Metadata-Version: 2.4
Name: eps-estimates-collector
Version: 0.2.3
Summary: Extract quarterly EPS estimates from FactSet Earnings Insight reports using OCR
Author-email: Seung-Gu Kang <seunggu.kang.kr@gmail.com>
License: MIT
License-File: LICENSE
Keywords: earnings,eps,estimates,financial-data,ocr,pe-ratio
Classifier: Development Status :: 4 - Beta
Classifier: Intended Audience :: Financial and Insurance Industry
Classifier: License :: OSI Approved :: MIT License
Classifier: Programming Language :: Python :: 3
Classifier: Programming Language :: Python :: 3.11
Classifier: Programming Language :: Python :: 3.12
Classifier: Topic :: Office/Business :: Financial
Requires-Python: >=3.11
Requires-Dist: boto3>=1.28.0
Requires-Dist: google-cloud-vision>=3.11.0
Requires-Dist: numpy>=1.24.0
Requires-Dist: opencv-python-headless>=4.12.0.88
Requires-Dist: pandas>=2.3.3
Requires-Dist: pdfplumber>=0.11.0
Requires-Dist: pillow>=8.0.0
Requires-Dist: python-dotenv>=1.2.1
Requires-Dist: scikit-image>=0.25.2
Requires-Dist: scipy>=1.16.3
Requires-Dist: yfinance>=0.2.66
Provides-Extra: dev
Requires-Dist: pytest-cov>=4.1.0; extra == 'dev'
Requires-Dist: pytest>=7.4.0; extra == 'dev'
Description-Content-Type: text/markdown

# EPS Estimates Collector

A Python package for extracting quarterly EPS (Earnings Per Share) estimates from financial reports using OCR and image processing techniques.

> **⚠️ Disclaimer**: This package is for **educational and research purposes only**. For production use, please use [FactSet's official API](https://developer.factset.com/). This package processes publicly available PDF reports and is not affiliated with or endorsed by FactSet.

## Overview

This project processes chart images containing S&P 500 quarterly EPS data and extracts quarter labels (e.g., Q1'14, Q2'15) and corresponding EPS values. The extracted data is saved in CSV format for further analysis.

### Motivation

Financial data providers (FactSet, Bloomberg, Investing.com, etc.) typically offer historical EPS data as **actual values**—once a quarter's earnings are reported, the estimate is overwritten with the actual figure. This creates a challenge for backtesting predictive models: using historical data means testing against information that was already reflected in stock prices at the time, making it difficult to evaluate the true predictive power of EPS estimates.

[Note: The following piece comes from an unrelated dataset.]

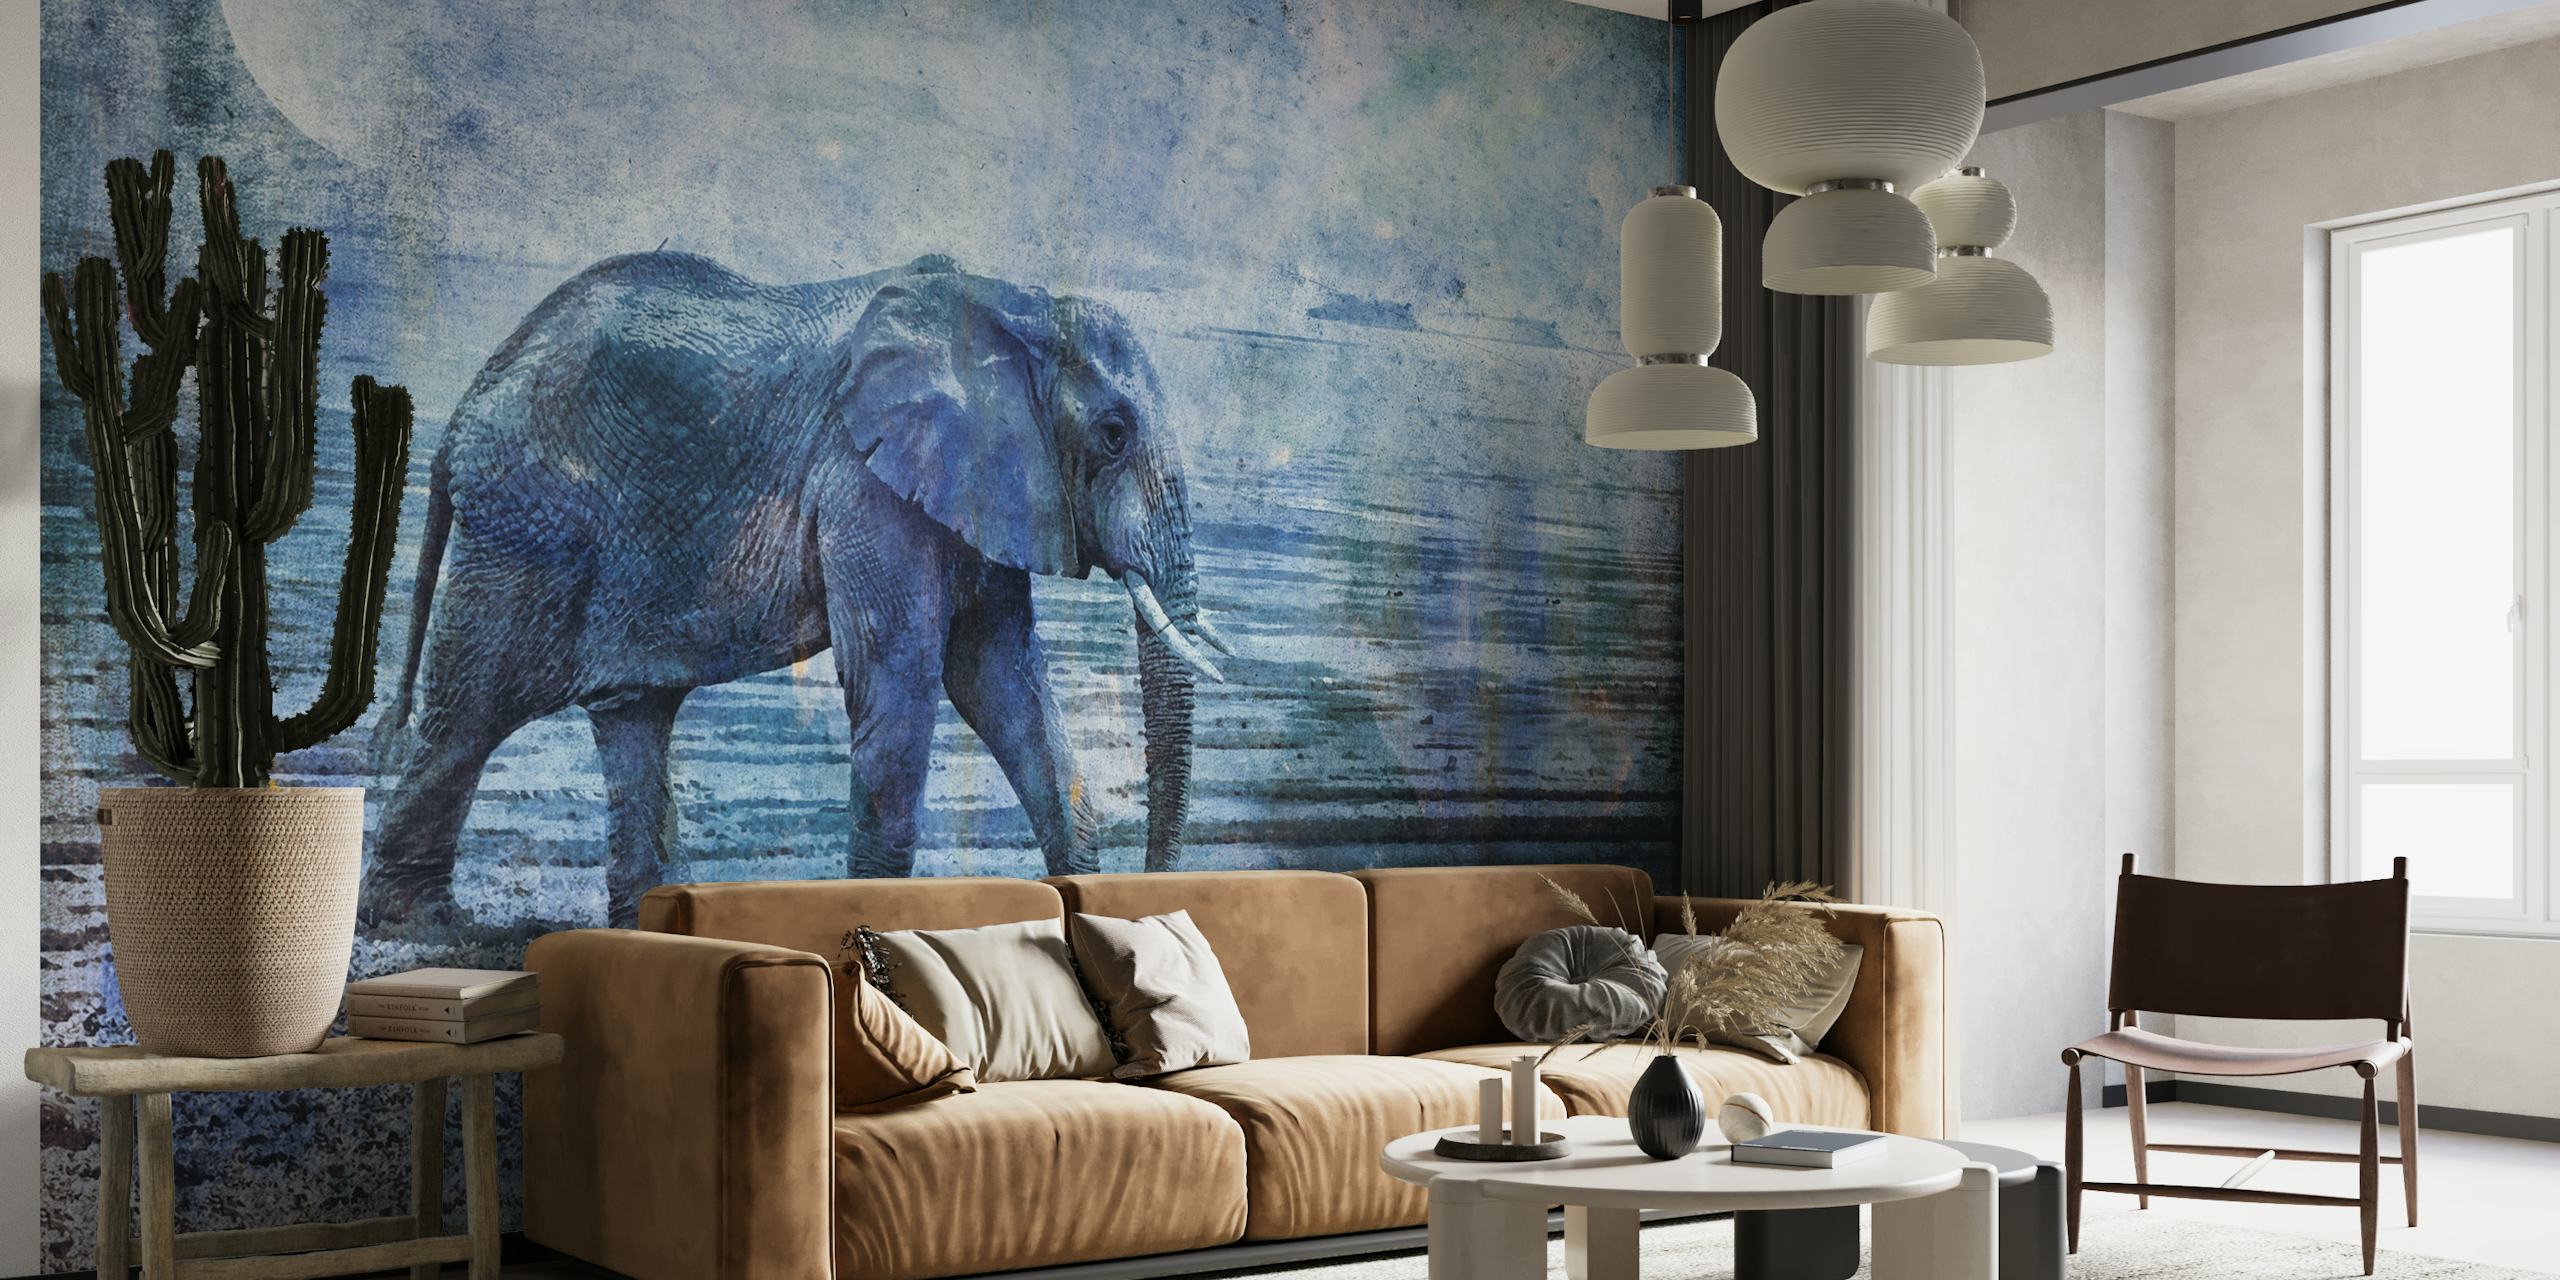 Slon kráčí za měsíčního svitu v nástěnné malbě s texturou krajiny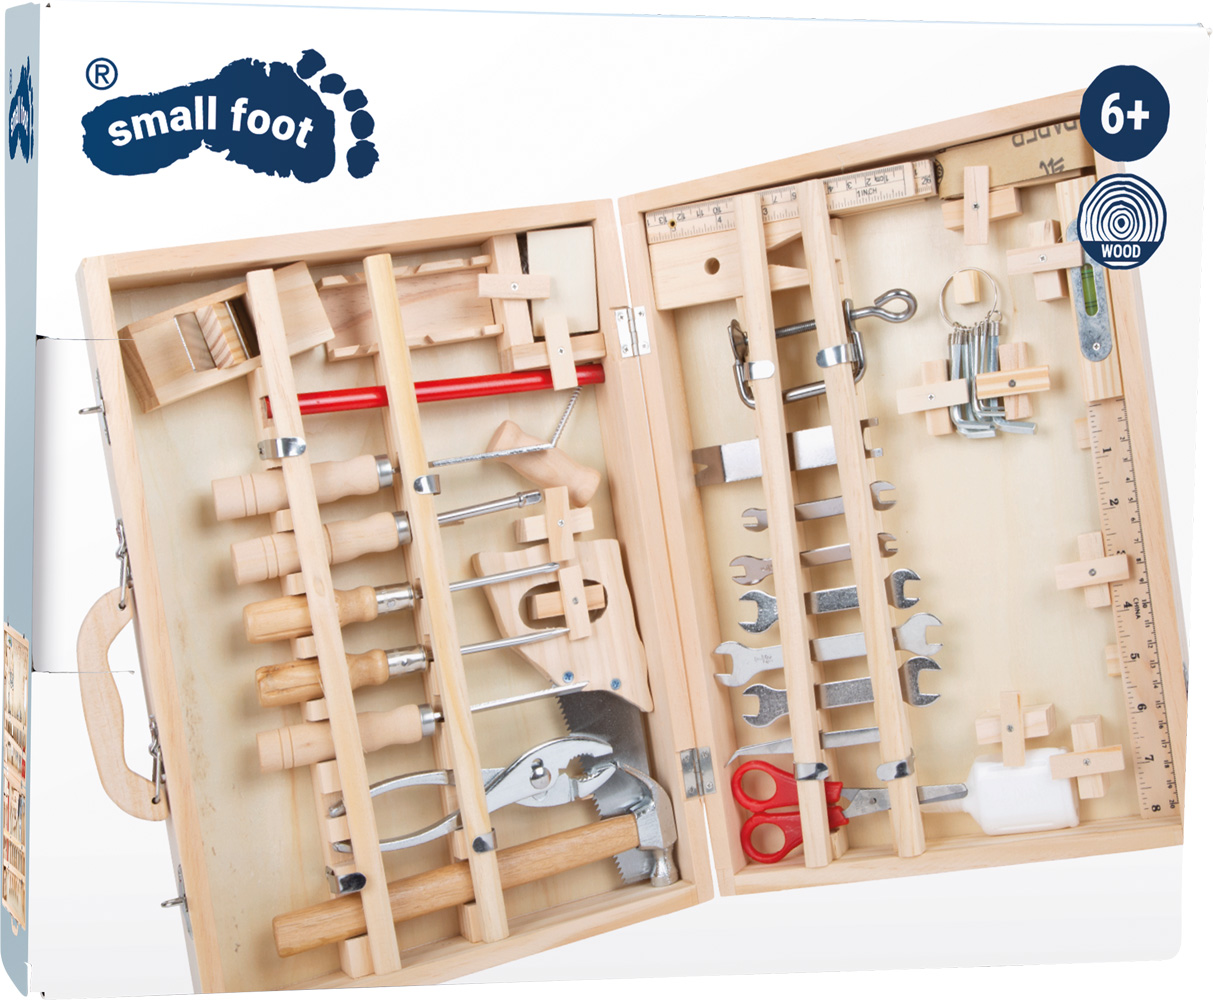 Caisse à outils  du spécialiste allemand de jouets en bois

To address this, this project extracts **point-in-time EPS estimates** from historical earnings insight reports. By preserving the estimates as they appeared at each report date (before actual earnings were announced), a dataset can be built that accurately reflects what was known and expected at each point in time, enabling more meaningful backtesting and predictive analysis.

## Project Structure

```
eps-estimates-collector/
├── src/eps_estimates_collector/
│   ├── core/                        # Data collection
│   │   ├── downloader.py            # PDF download
│   │   ├── extractor.py             # Chart extraction
│   │   └── ocr/                     # OCR processing
│   │       ├── processor.py         # Main pipeline
│   │       ├── google_vision_processor.py
│   │       ├── parser.py
│   │       ├── bar_classifier.py
│   │       └── coordinate_matcher.py
│   ├── analysis/                    # P/E ratio calculation
│   │   └── pe_ratio.py
│   └── utils/                       # Cloud storage
│       ├── cloudflare.py            # R2 operations
│       └── csv_storage.py           # CSV I/O
├── scripts/data_collection/         # CLI scripts
├── actions/workflow.py              # GitHub Actions
└── pyproject.toml
```

## Installation

Install from PyPI:

```bash
pip install eps-estimates-collector
```

Or with `uv`:

```bash
uv pip install eps-estimates-collector
```

### Requirements

- **Google Cloud Vision API** (Required):
  - Create service account and download JSON key
  - Set `GOOGLE_APPLICATION_CREDENTIALS` environment variable
  - [Setup Guide](https://cloud.google.com/vision/docs/setup)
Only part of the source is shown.